Martha Stewart reports to prison

ALDERSON, W.Va. - Martha Stewart exchanged her clothes for prison-issue khaki trousers and black steel-toed boots Friday, and for the next five months she will be sleeping not on luxurious Egyptian cotton linens, but on plain, military-grade sheets.

Slipping all-but-unnoticed past supporters and TV crews in the darkness, Stewart reported to the Alderson Federal Prison Camp in rural West Virginia to begin serving her sentence for lying about a stock sale. Driven by a security company, she arrived in a dark-colored Ford Expedition that passed through the gates shortly before sunrise.

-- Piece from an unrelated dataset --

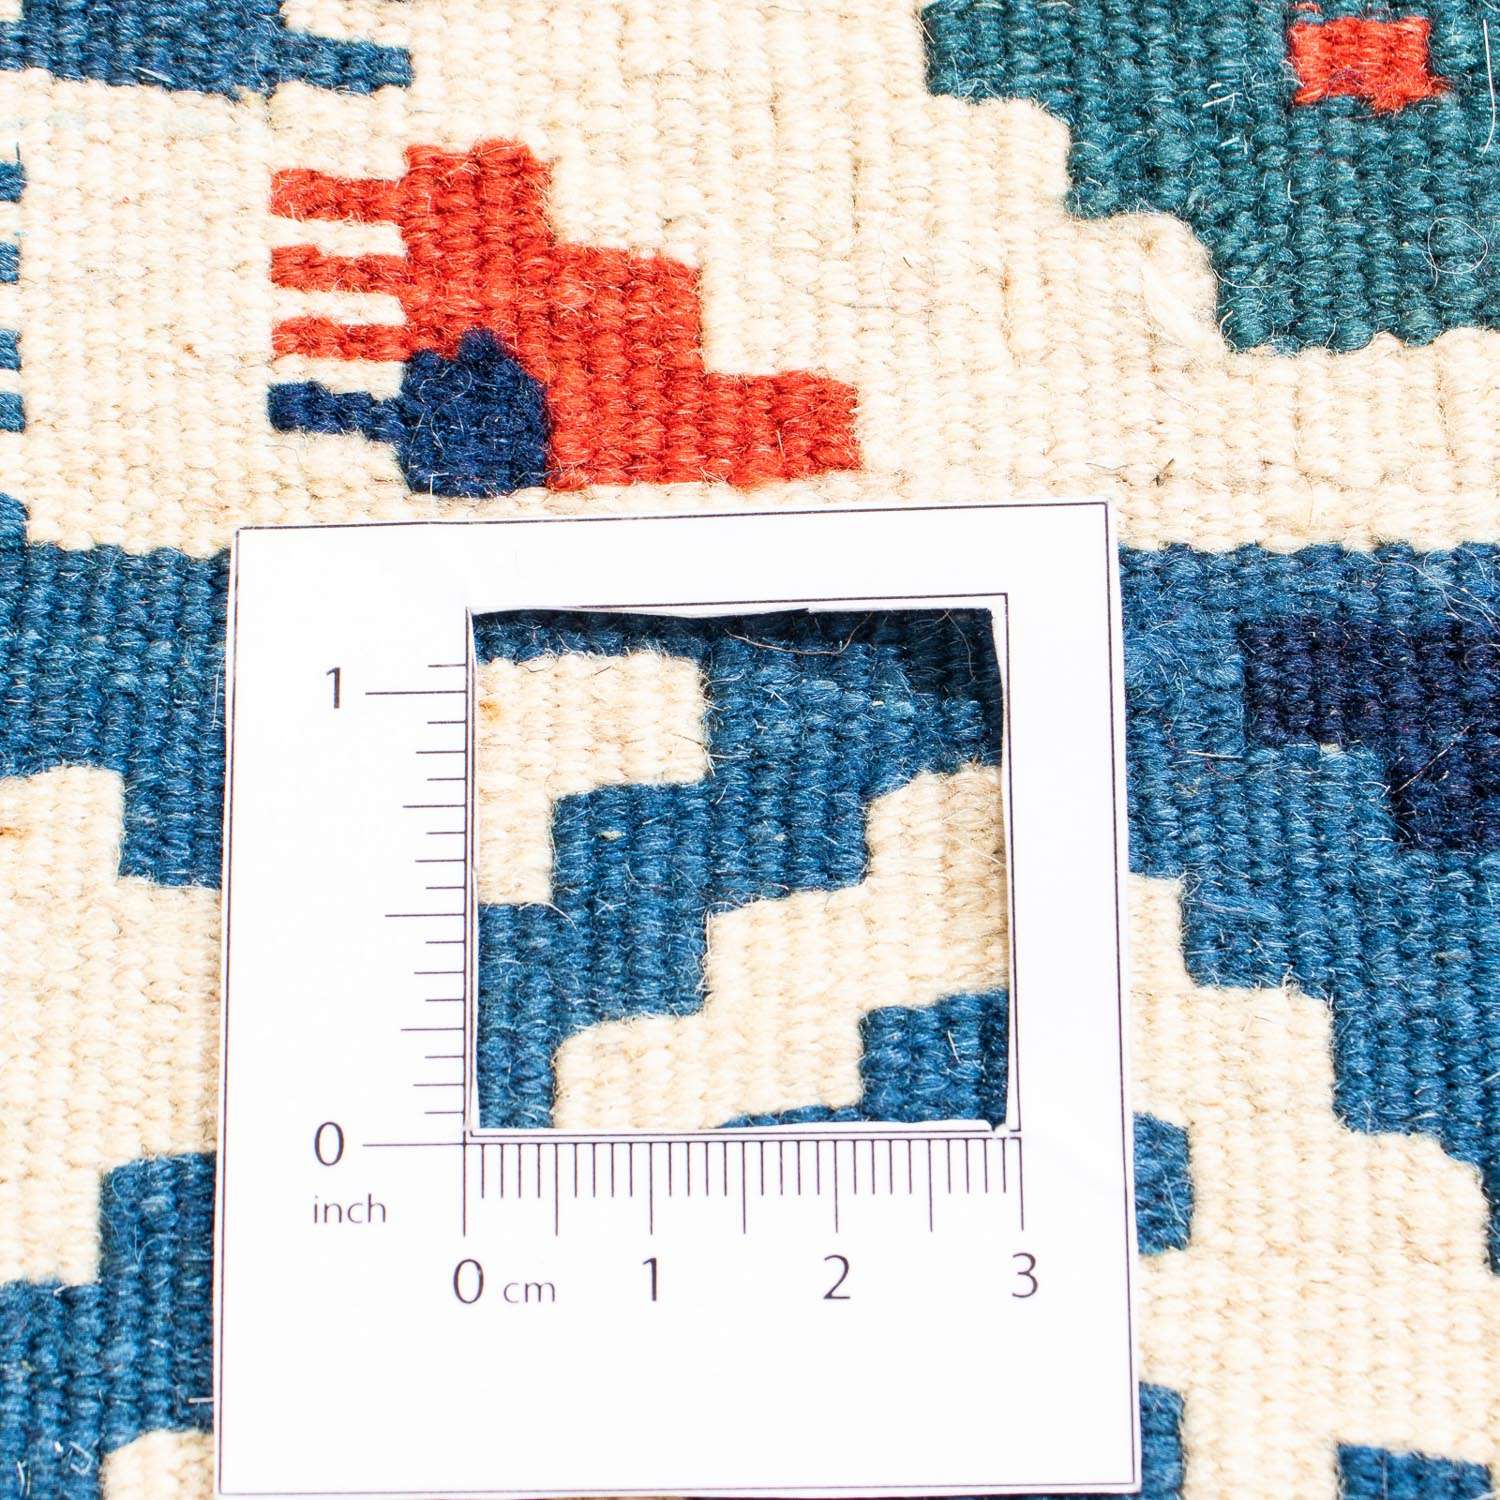 Kelimský koberec - Orientální čtvercový  - 103 x 101 cm - vícebarevné

Federal inmate No. 55170-054 said on her Web site she was looking forward to returning to work in March and enjoying "many brighter days ahead."

Like all new inmates, the 63-year-old millionaire was photographed, fingerprinted and strip-searched upon her arrival, and her personal items were inventoried, said Traci Billingsley, a spokeswoman for the U.S. Bureau of Prisons in Washington.

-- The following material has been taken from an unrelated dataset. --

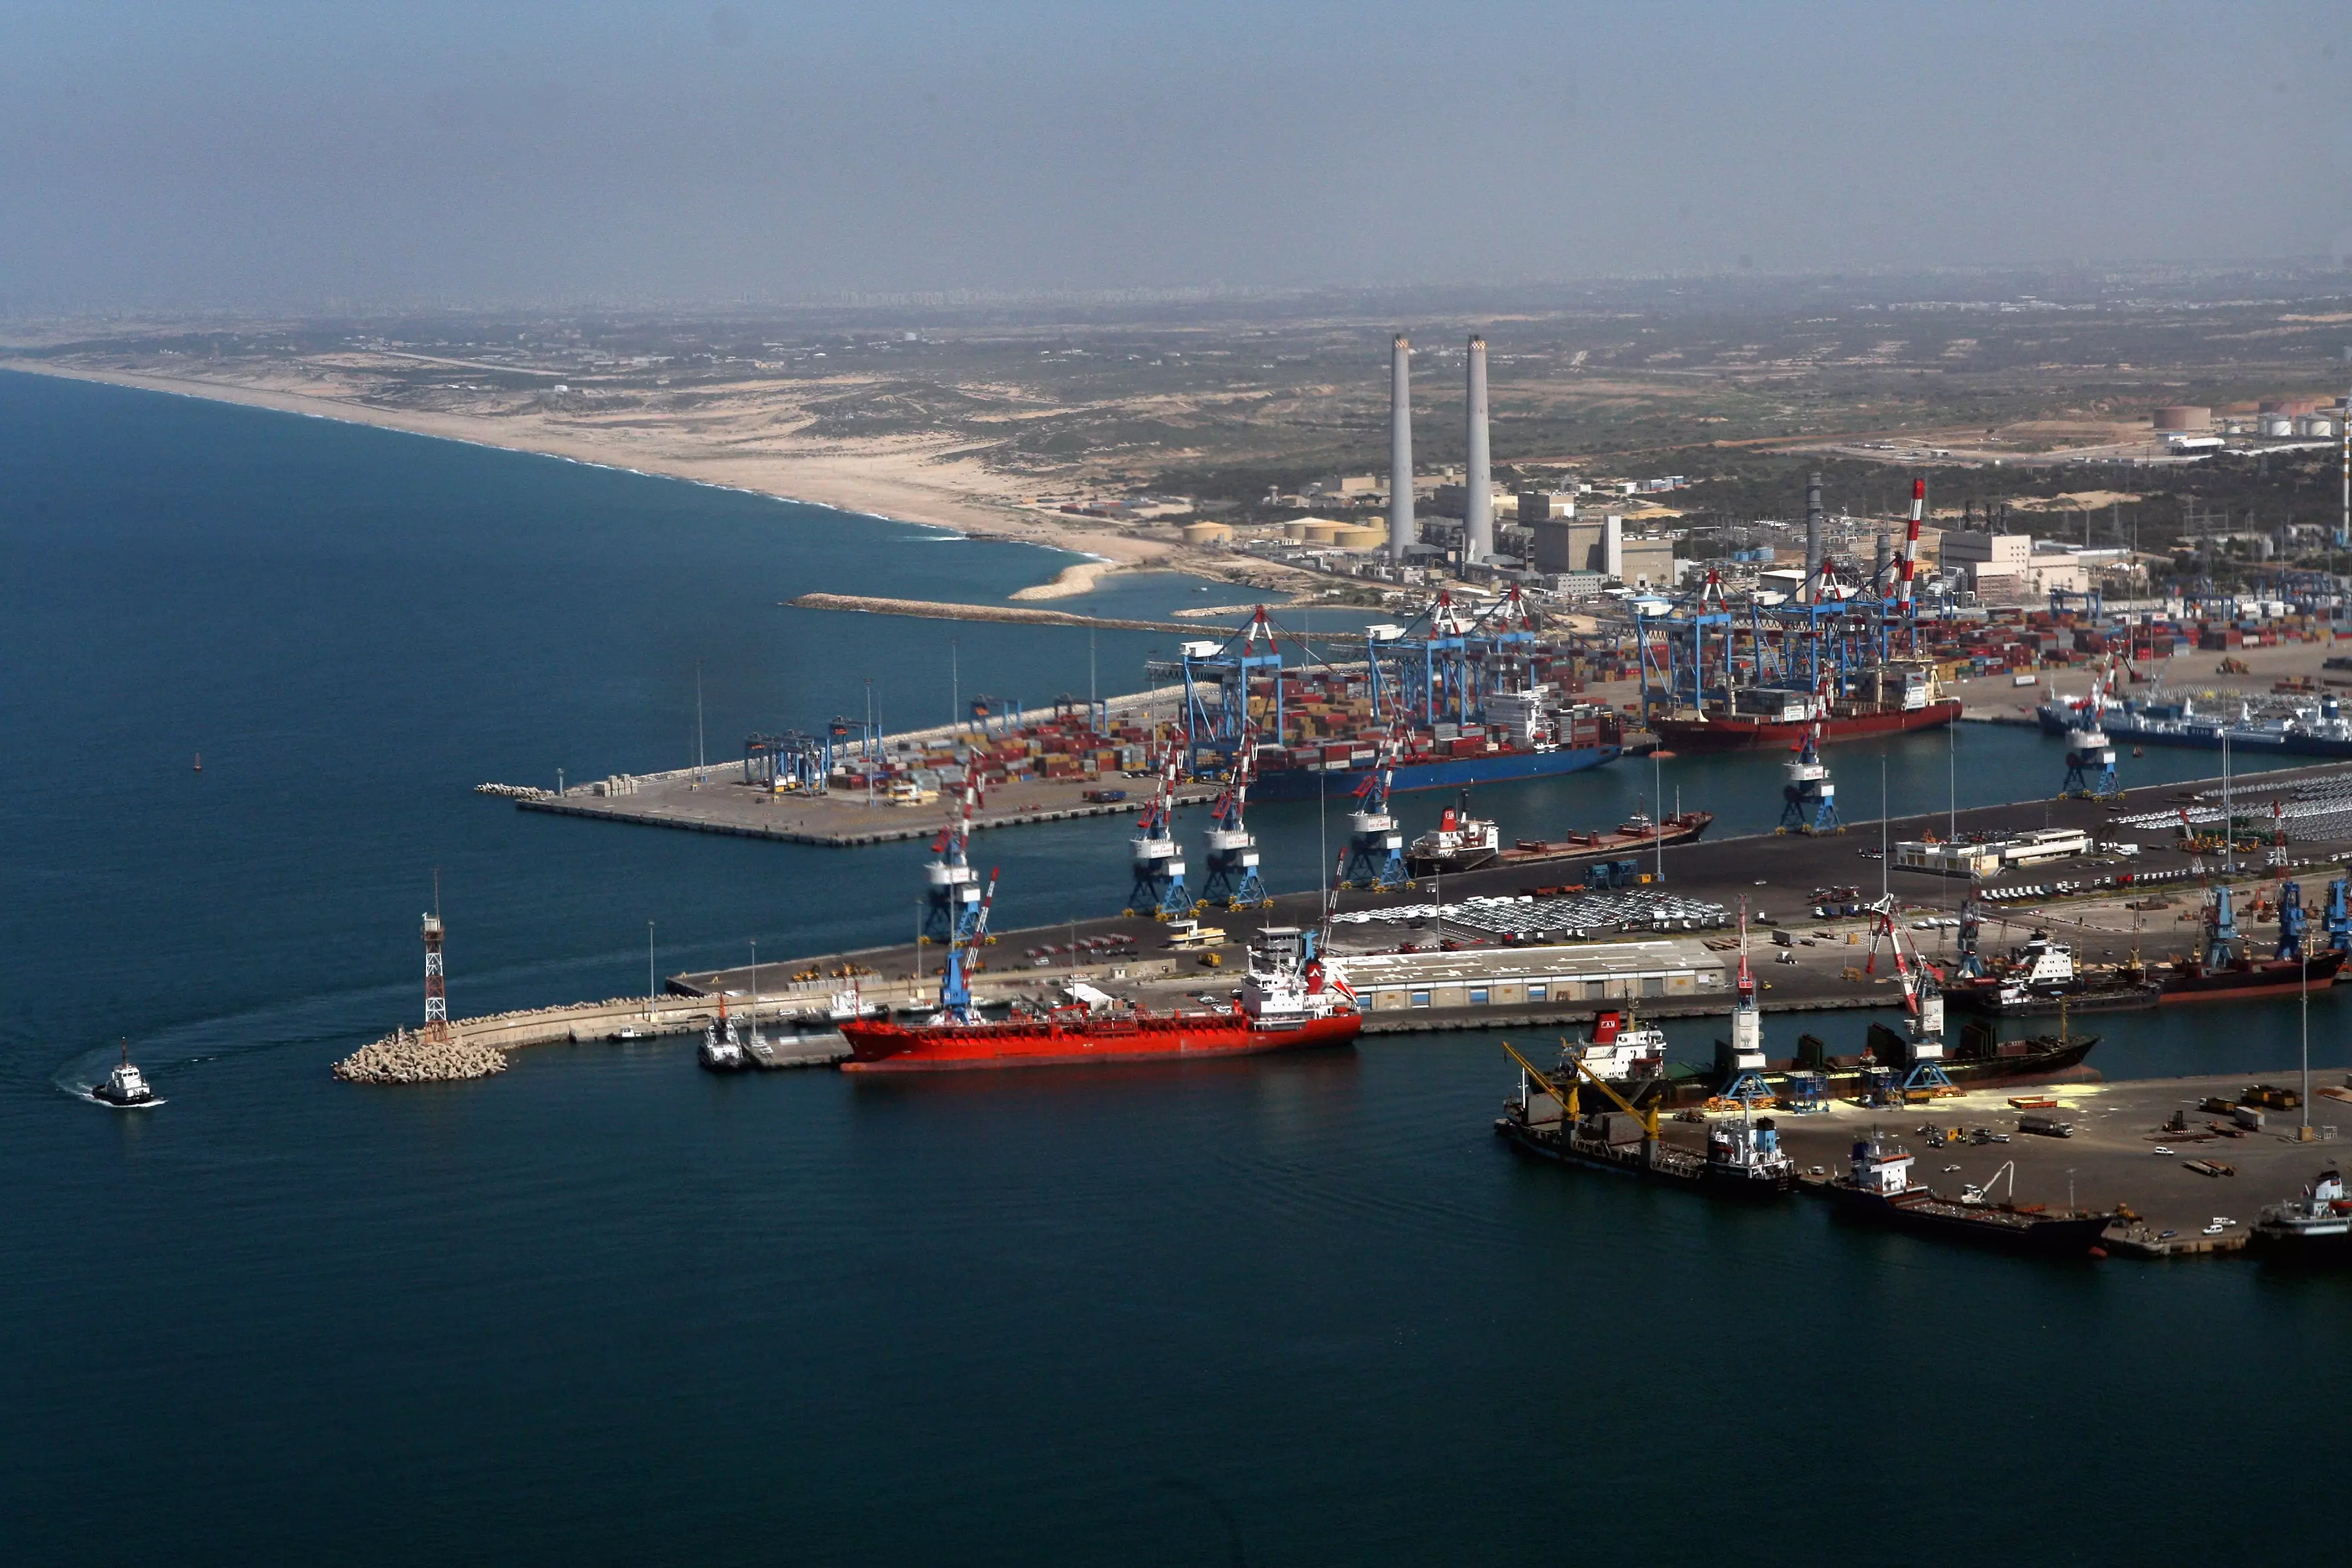 בשלב זה מתנהל עדיין מו"מ בין חנ"י לשתי המתמודדות האחרות במכרז לגבי הקמת נמל המפרץ בחיפה

Stewart - who built a homemaking empire with her unerring eye for the finer things in life - will sleep on a bunk bed in a building that houses 60 women and contains only two showers.

"She's going to have to shower in an area that 60 other women are trying to use as well," said Ron Rubottom, a leader of the guards union. "There'll be four or five toilets. Two sinks. She has to share a blow dryer, a curling iron."

After being interviewed by prison staff and briefed on the rules, new inmates undergo a two-week orientation, during which work assignments are made. Stewart will be eligible for jobs that pay 12 cents to 40 cents an hour. Inmates at Alderson typically rise about 6 a.m. and work most of the day.

Rubottom said an inmate's skills are often considered in making such assignments. "If an inmate has food-service background, obviously we will try to use that inmate in that area," he said.

The prison opened in 1927 about 270 miles southwest of Washington, D.C. Its inmates have included Billie Holiday, Tokyo Rose, Axis Sally and would-be presidential assassins Squeaky Fromme and Sara Jane Moore.

Stewart was convicted in March of lying to investigators about why she sold stock in a biotech company in 2001, just before its price plunged. She was allowed to remain free while she appeals her conviction, but asked to begin serving her time anyway, to help remove the cloud of uncertainty hanging over her and her company. After she gets out, she will have to serve five months of confinement at home.

"While I am away, my updates here will be less frequent, if not altogether impossible," Stewart said on her Web site. "But please know this change is only an unfortunate reflection of my current circumstances, and in no way diminishes my commitment to my life's work or to the friends, colleagues, customers and supporters who make it possible."